(Source records)
========================
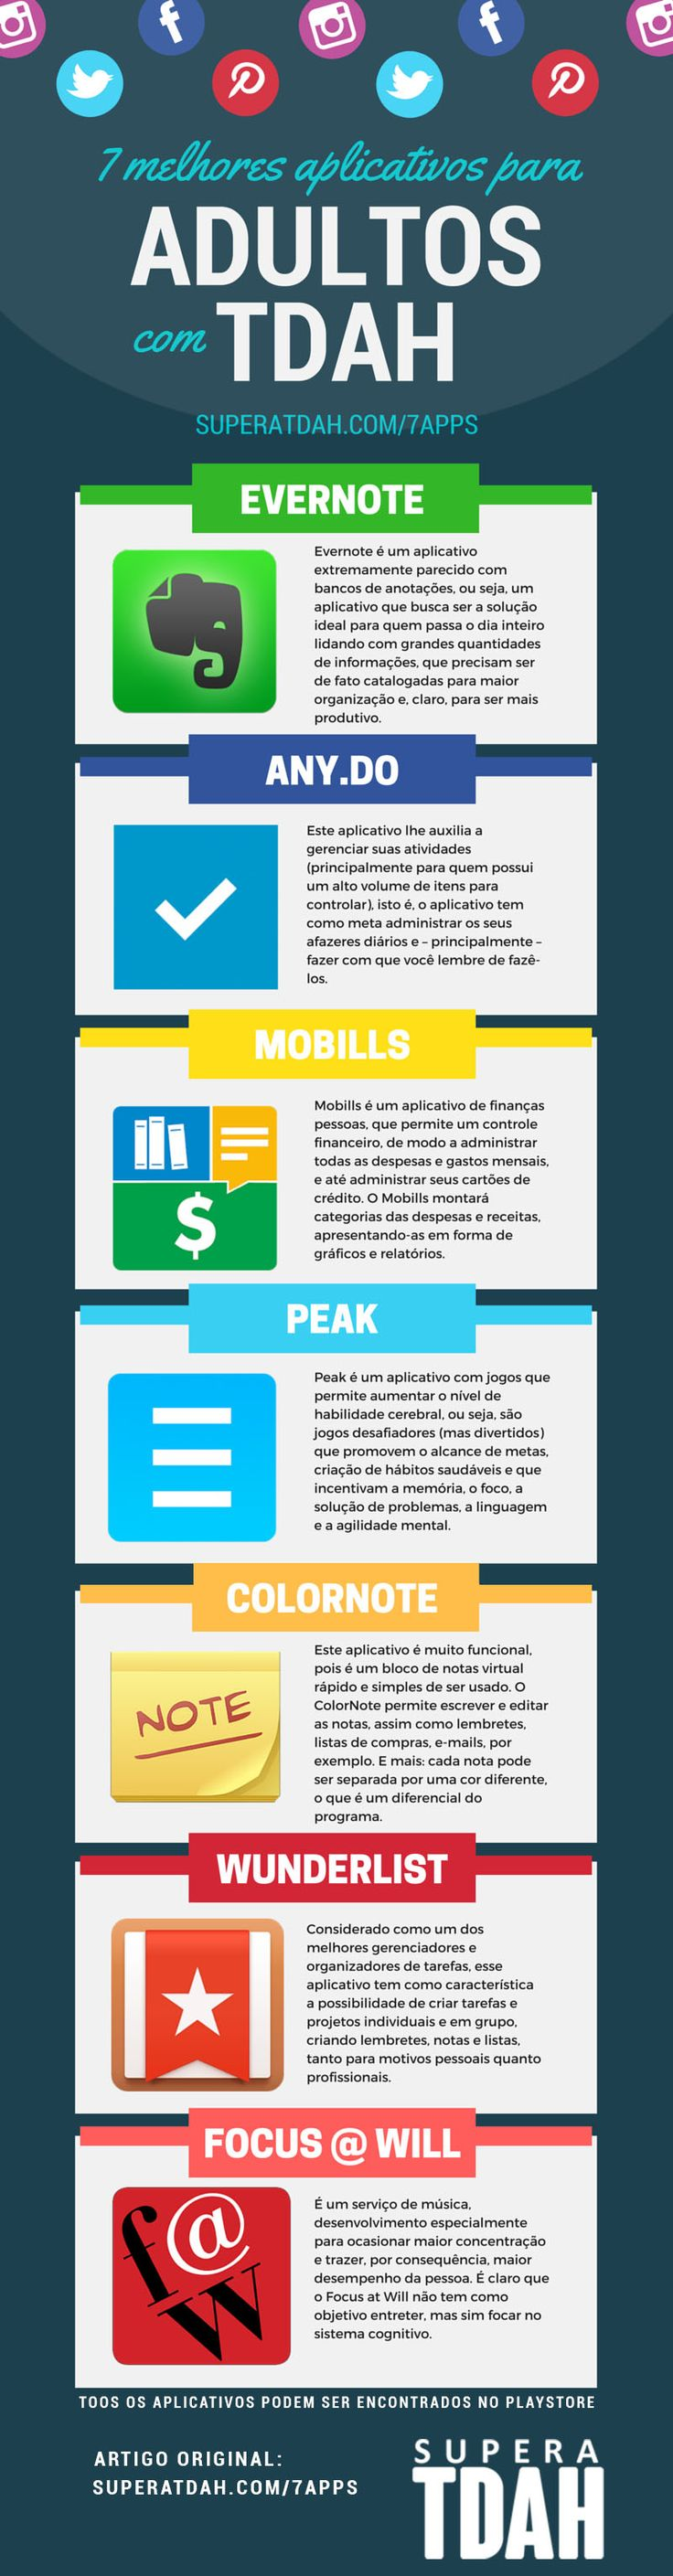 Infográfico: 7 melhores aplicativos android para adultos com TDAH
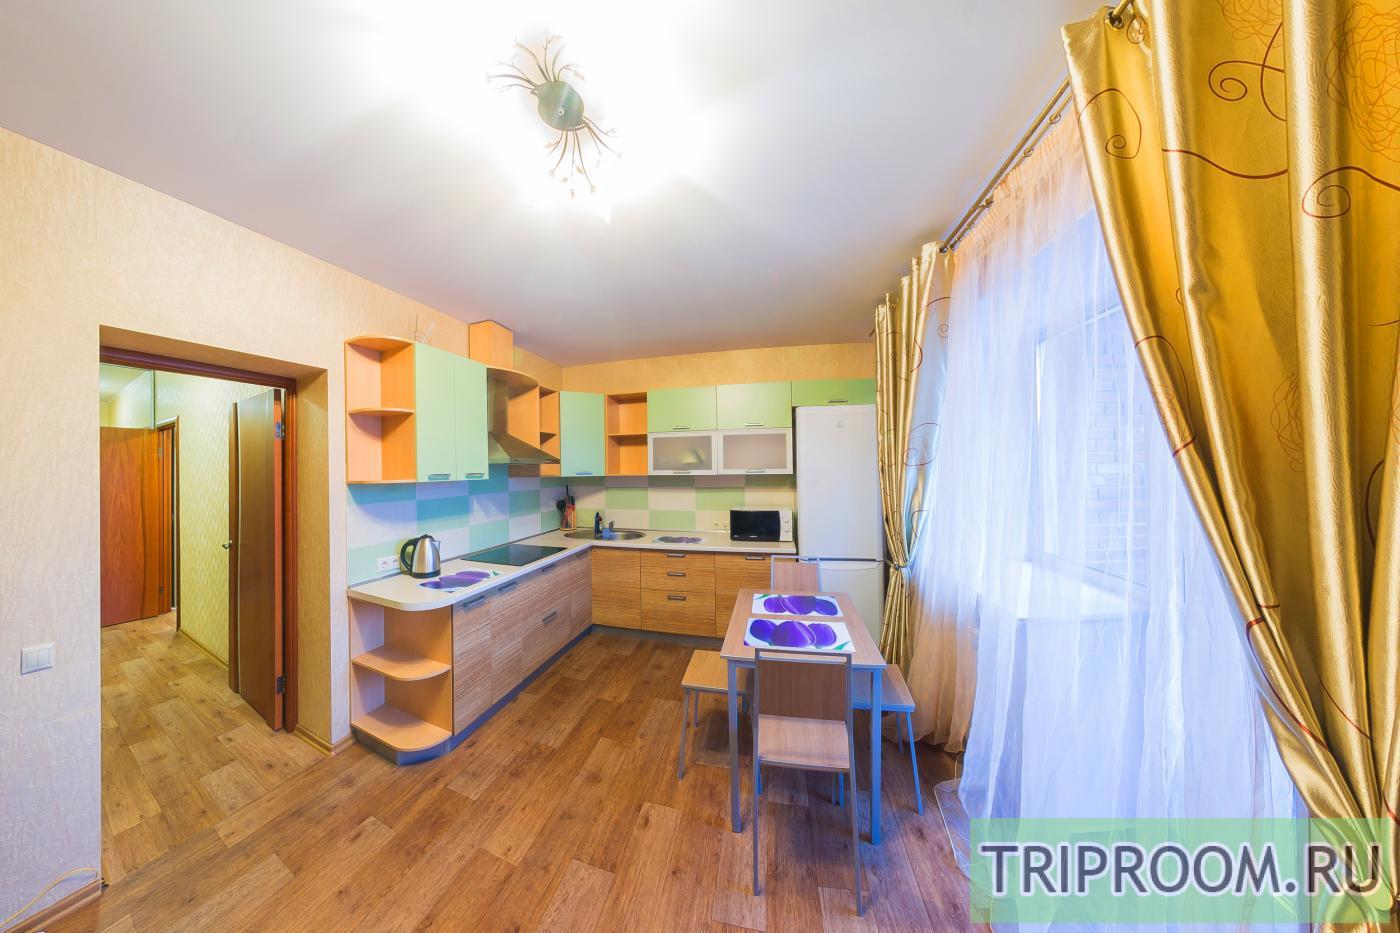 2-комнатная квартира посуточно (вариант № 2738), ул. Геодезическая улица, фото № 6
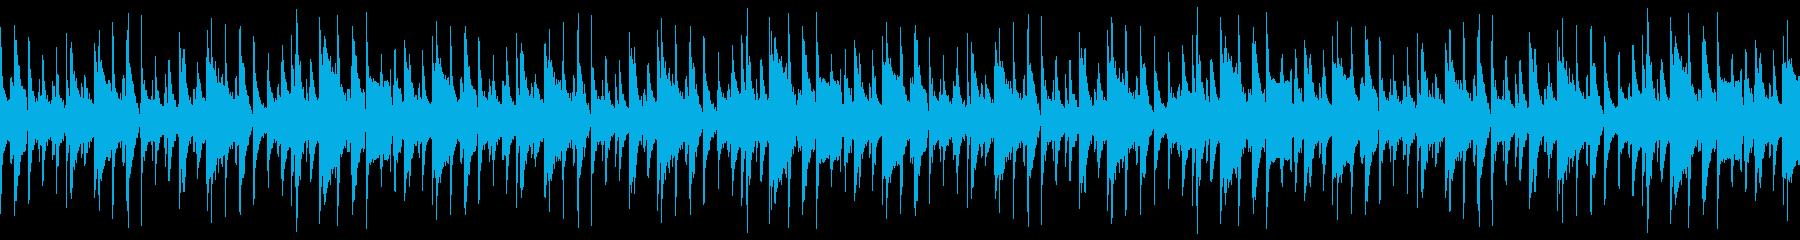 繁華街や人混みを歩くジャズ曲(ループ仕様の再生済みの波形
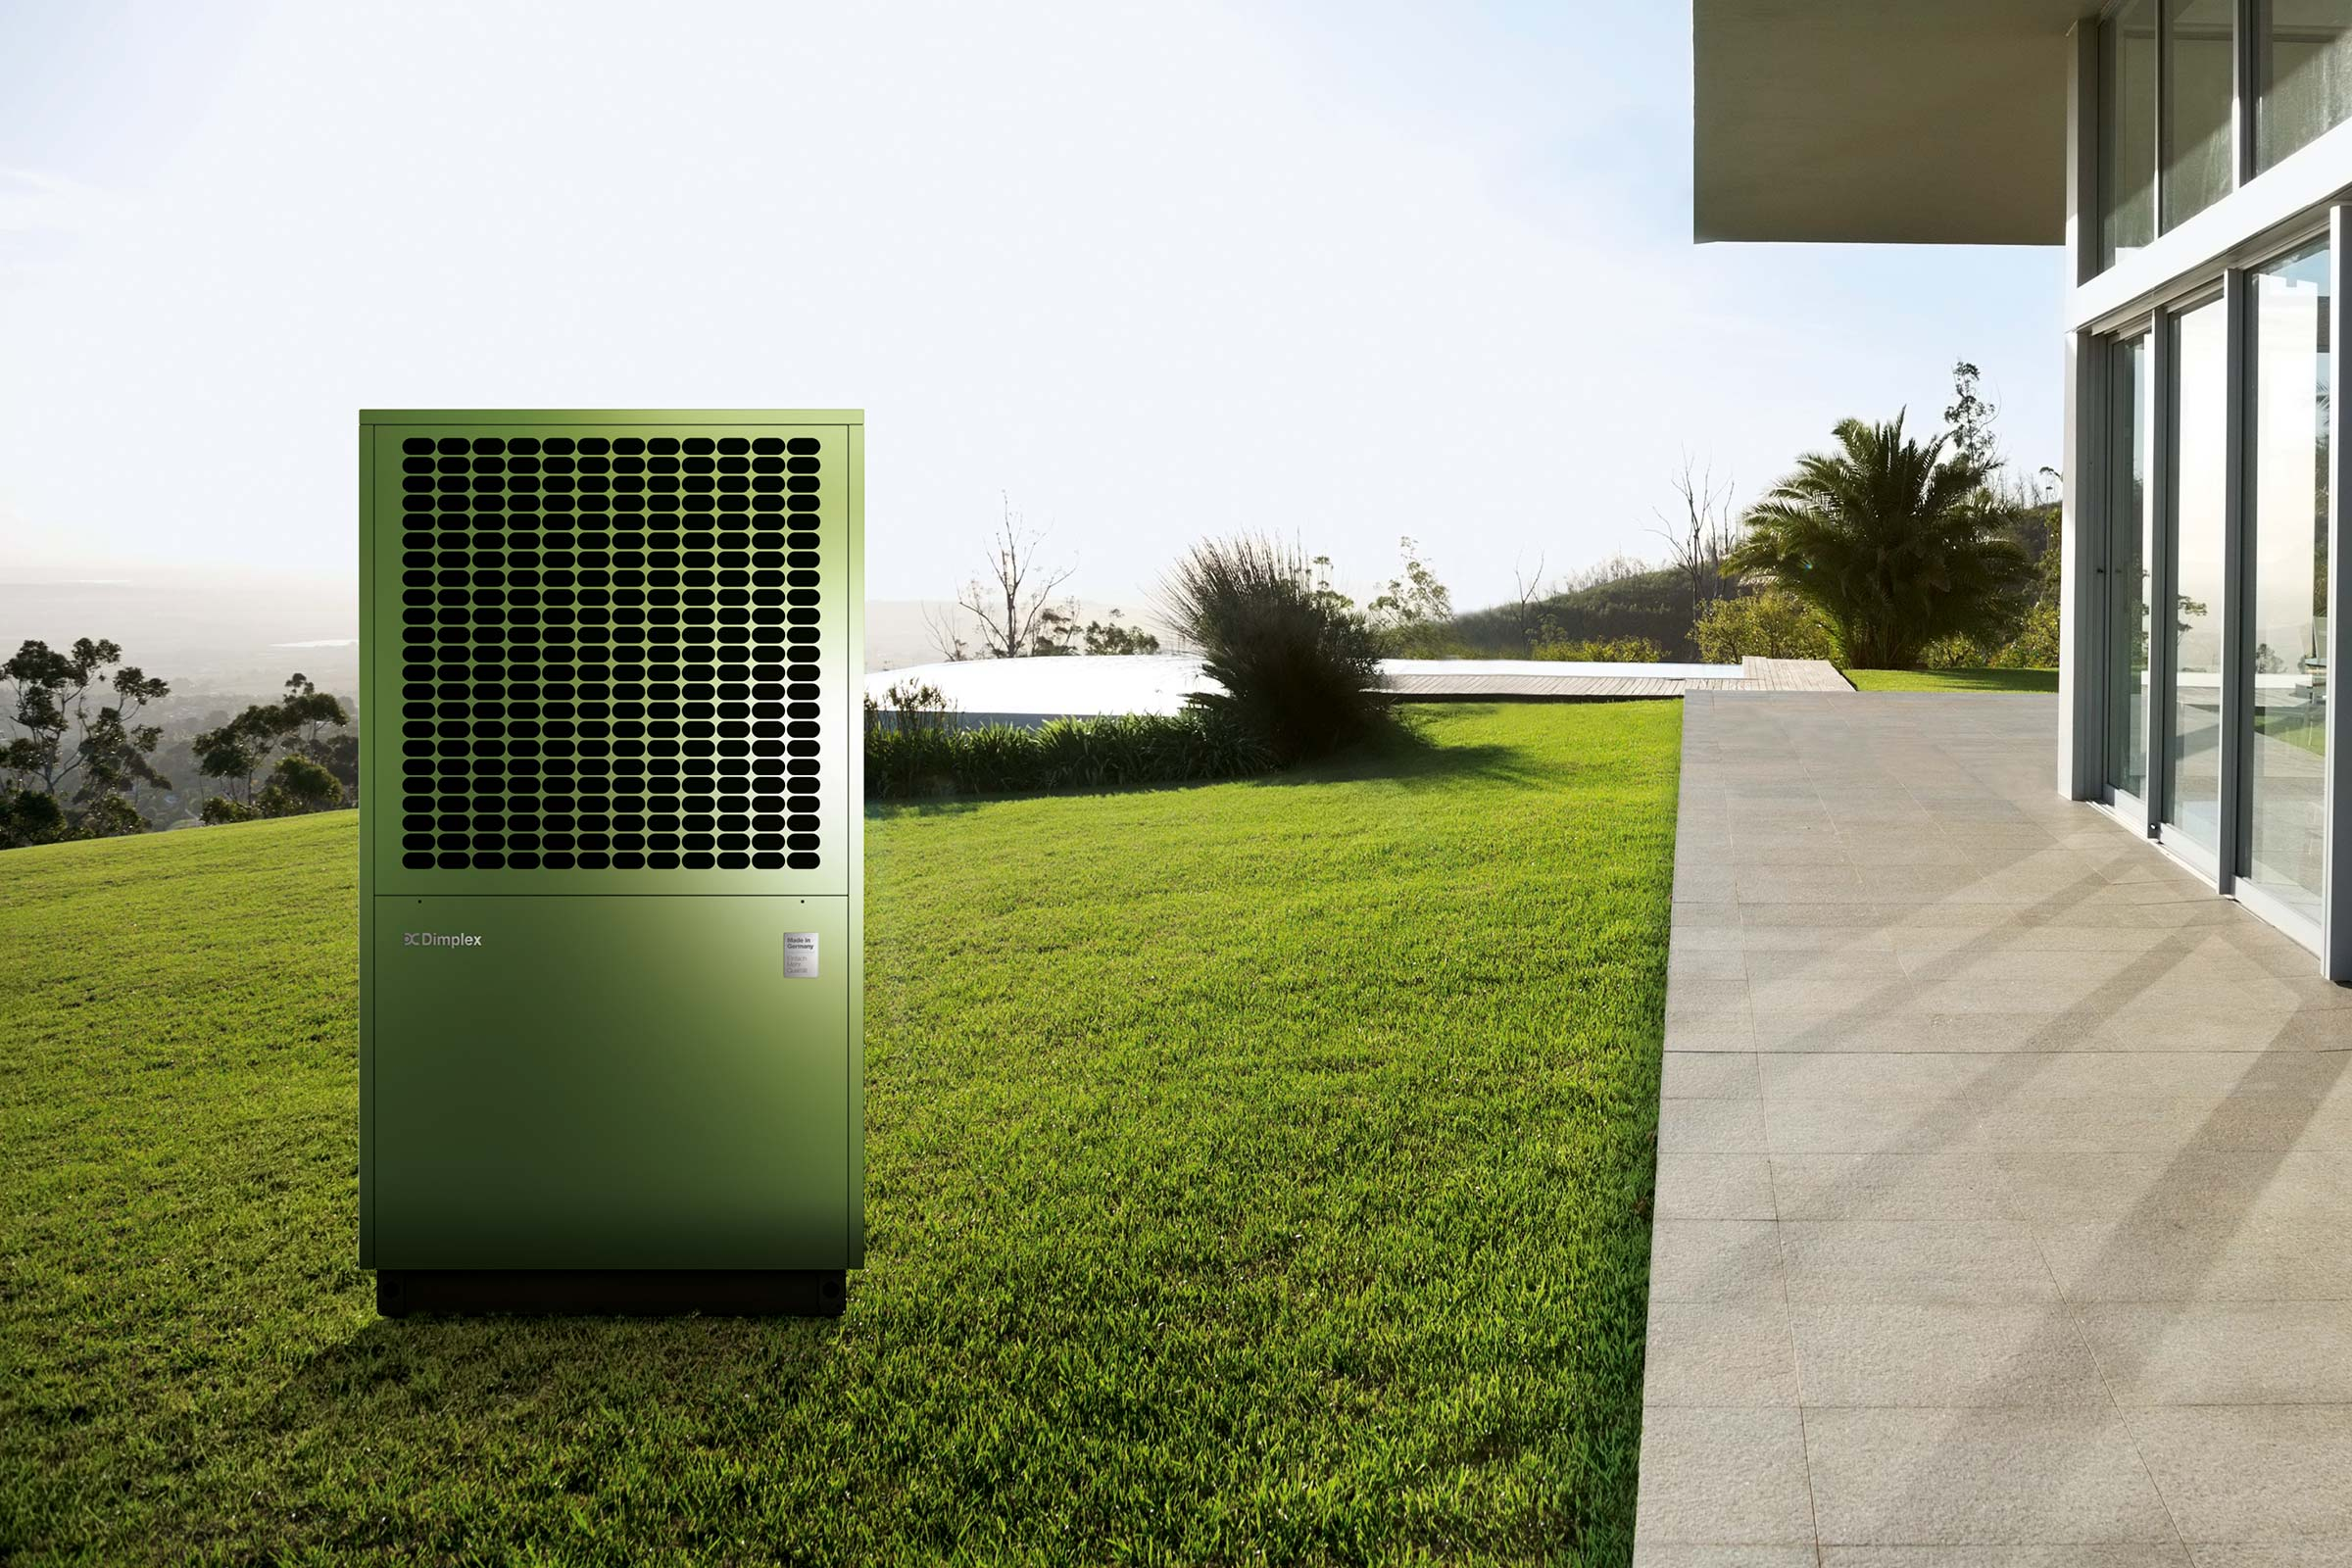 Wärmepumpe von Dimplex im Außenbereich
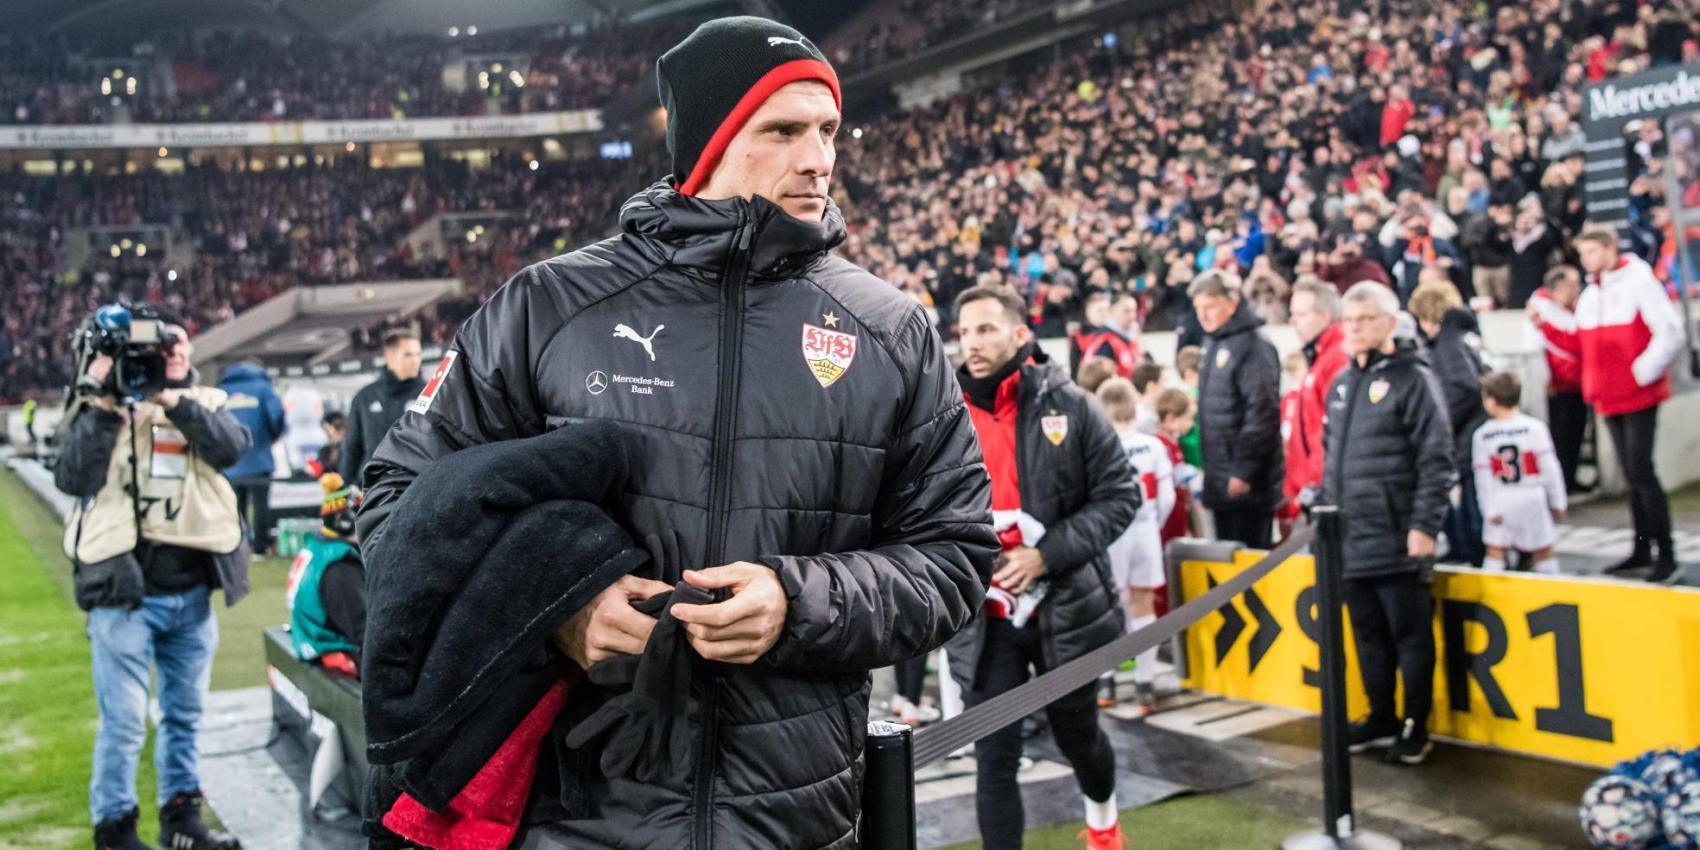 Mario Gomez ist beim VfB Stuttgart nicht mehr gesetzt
========================
> [ASSIGNED TASK]
Print once more, exactly, the lines from the one with "2-комнатная квартира посуточно" through the last line of the data, both ends included, without any pictures.

> [WRITTEN ANSWER]
 2-комнатная квартира посуточно (вариант № 2738), ул. Геодезическая улица, фото № 6
 繁華街や人混みを歩くジャズ曲(ループ仕様の再生済みの波形
 Wärmepumpe von Dimplex im Außenbereich
 Mario Gomez ist beim VfB Stuttgart nicht mehr gesetzt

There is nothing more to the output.